Posted to dev@pdfbox.apache.org by LynX <_L...@bk.ru> on 2011/05/06 21:01:55 UTC
HTML formatting
Hello,
There is several similar issues which concerns formatting after PDF to
HTML conversion:
https://issues.apache.org/jira/browse/PDFBOX-6
https://issues.apache.org/jira/browse/PDFBOX-271
I would like to work on them (I see that some work has been done by
rrufai already, but PDFBOX code have changed since then, so I may need
to do some additional changes), but I see that severity of all these
issues is minor and there are not any comments on them for a long time.

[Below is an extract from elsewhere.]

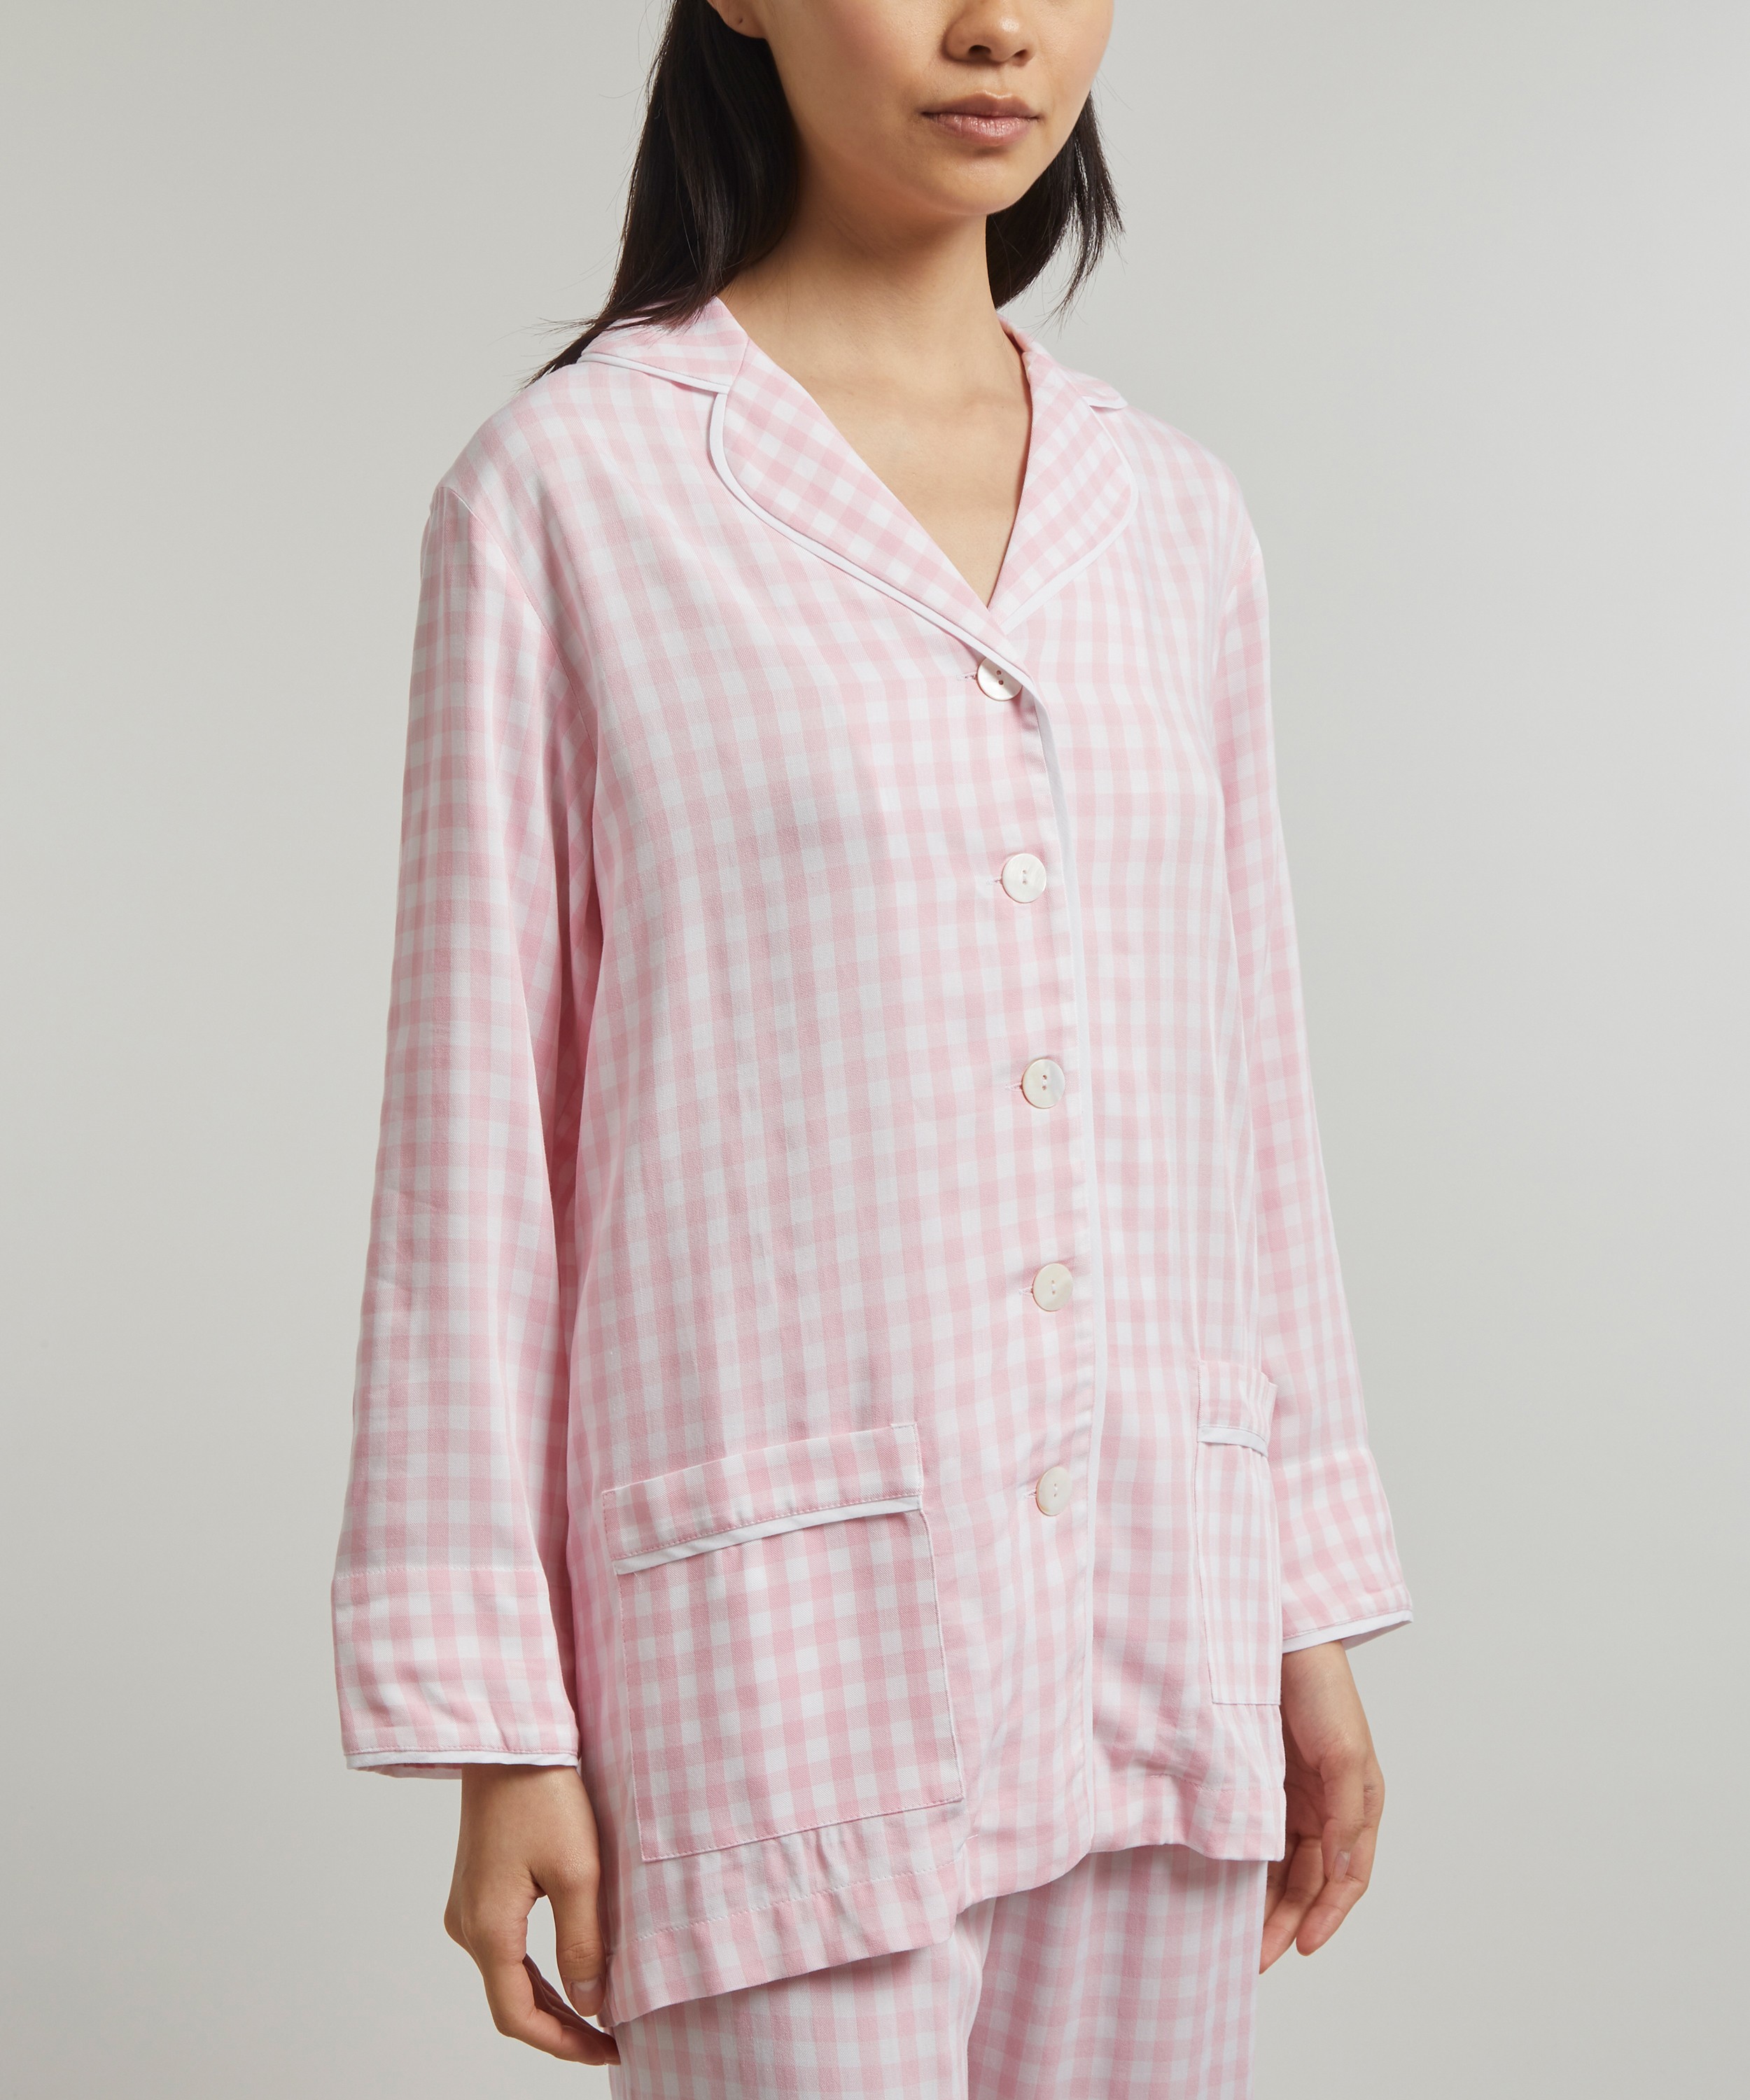 Party Pajama with Detachable Feathers in Pink Stripes
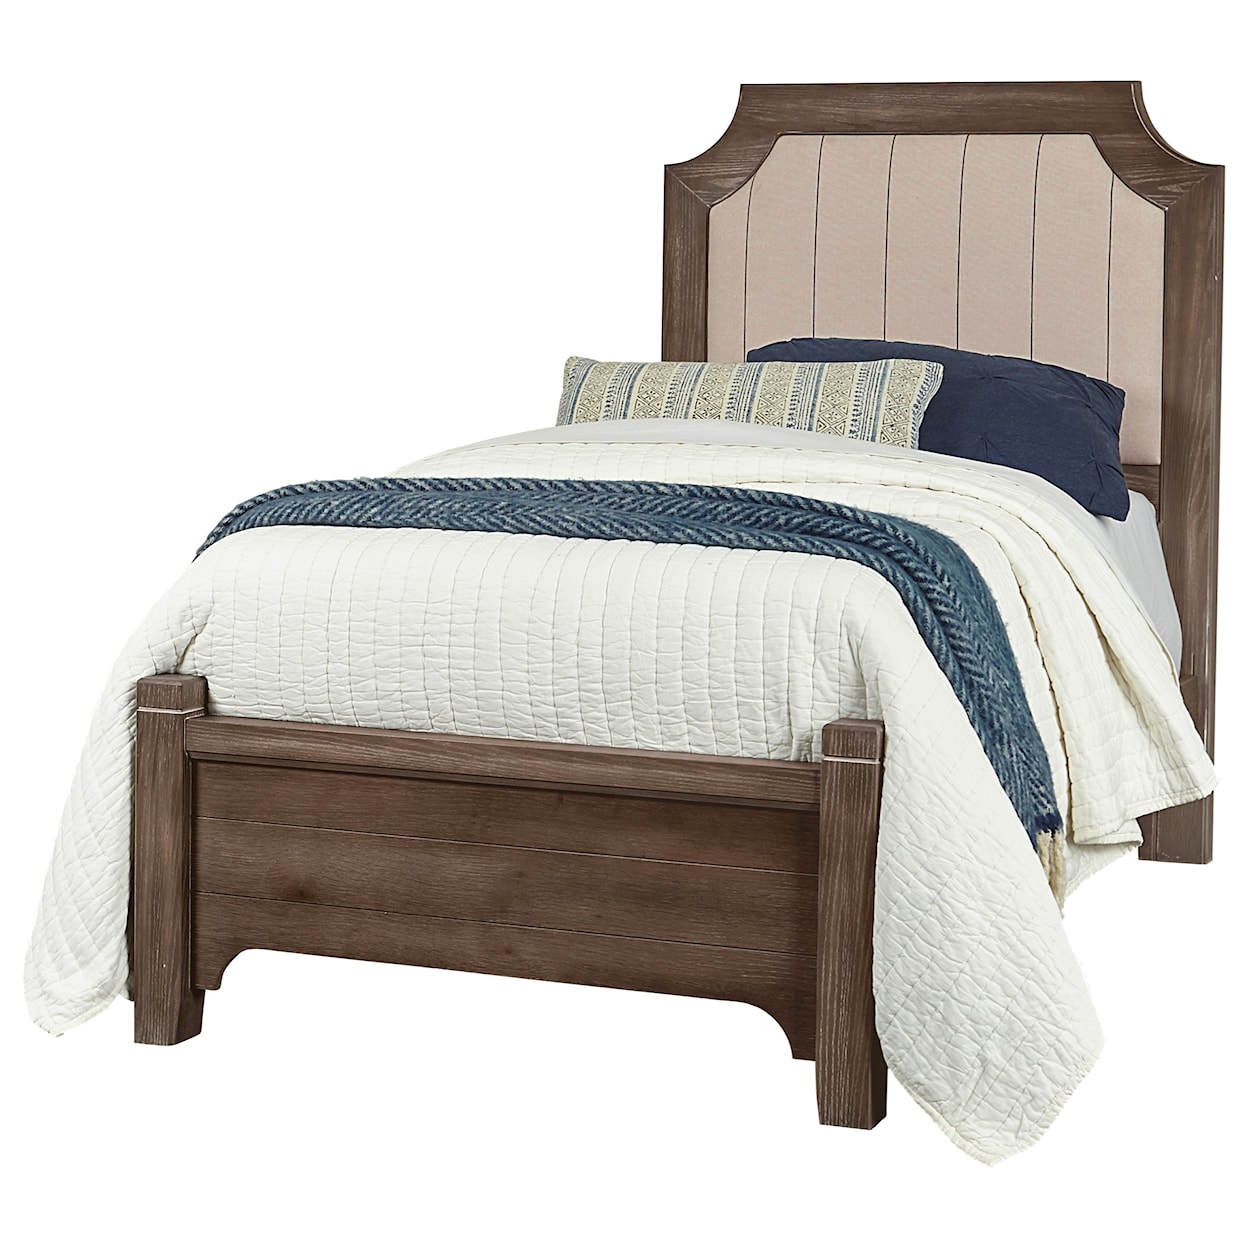 Laurel Mercantile Co. Bungalow Full Upholstered Bed

Thats why I am not sure if it make sense to work on them or not? If not
then may be they can be closed?
Thank you,
LX
Re: HTML formatting
Posted by Raimi Rufai <rr...@gmail.com>.
Hi LX,
PDF to HTML conversion is a fascinating set of problems. One of the
hard knots to crack is preserving tables and columns for multi-column
documents. I've not had a look at the code for a long time.
I'll be nice to jump back in.
Regards,
Raimi
On Fri, May 6, 2011 at 3:01 PM, LynX <_L...@bk.ru> wrote:
> Hello,
>
> There is several similar issues which concerns formatting after PDF to HTML
> conversion:
>
> https://issues.apache.org/jira/browse/PDFBOX-6
> https://issues.apache.org/jira/browse/PDFBOX-271
>
> I would like to work on them (I see that some work has been done by rrufai
> already, but PDFBOX code have changed since then, so I may need to do some
> additional changes), but I see that severity of all these issues is minor
> and there are not any comments on them for a long time.
> Thats why I am not sure if it make sense to work on them or not? If not then
> may be they can be closed?
>
> Thank you,
> LX
>
--
«To develop software is to build a machine simply by describing it.»
(Michael A. Jackson -- not the singer)
«Développer des logiciels est de construire une machine tout
simplement en le décrivant.» (Michael A. Jackson - pas le chanteur)